## Work order
Copy word for word, please, the lines of the entries below running from the one containing "Cheap Kyrie 6, Buy" to the one containing "Fiesta en Muxía.", both ends included.

## Extracted material
>>>

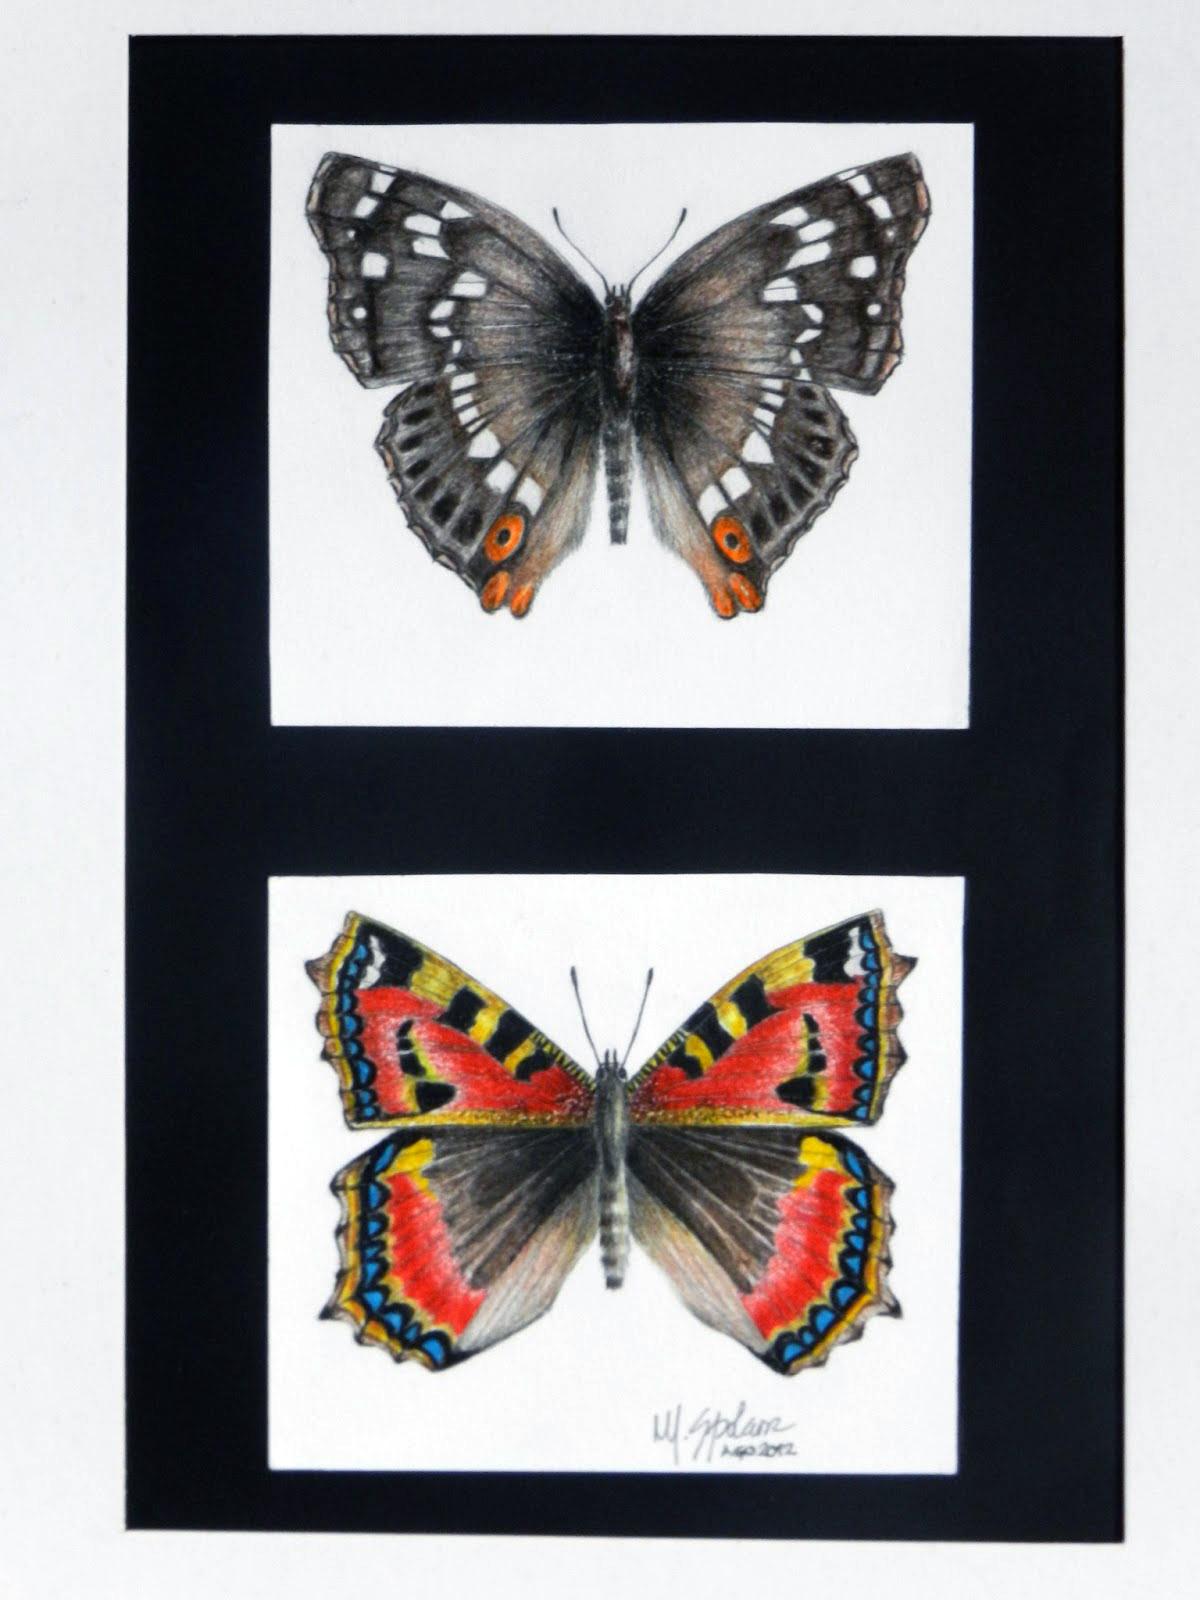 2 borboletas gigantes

<<<
>>>

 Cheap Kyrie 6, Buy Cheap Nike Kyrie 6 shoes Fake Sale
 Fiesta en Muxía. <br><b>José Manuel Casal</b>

<<<

## Your response
 Cheap Kyrie 6, Buy Cheap Nike Kyrie 6 shoes Fake Sale
 Fiesta en Muxía. <br><b>José Manuel Casal</b>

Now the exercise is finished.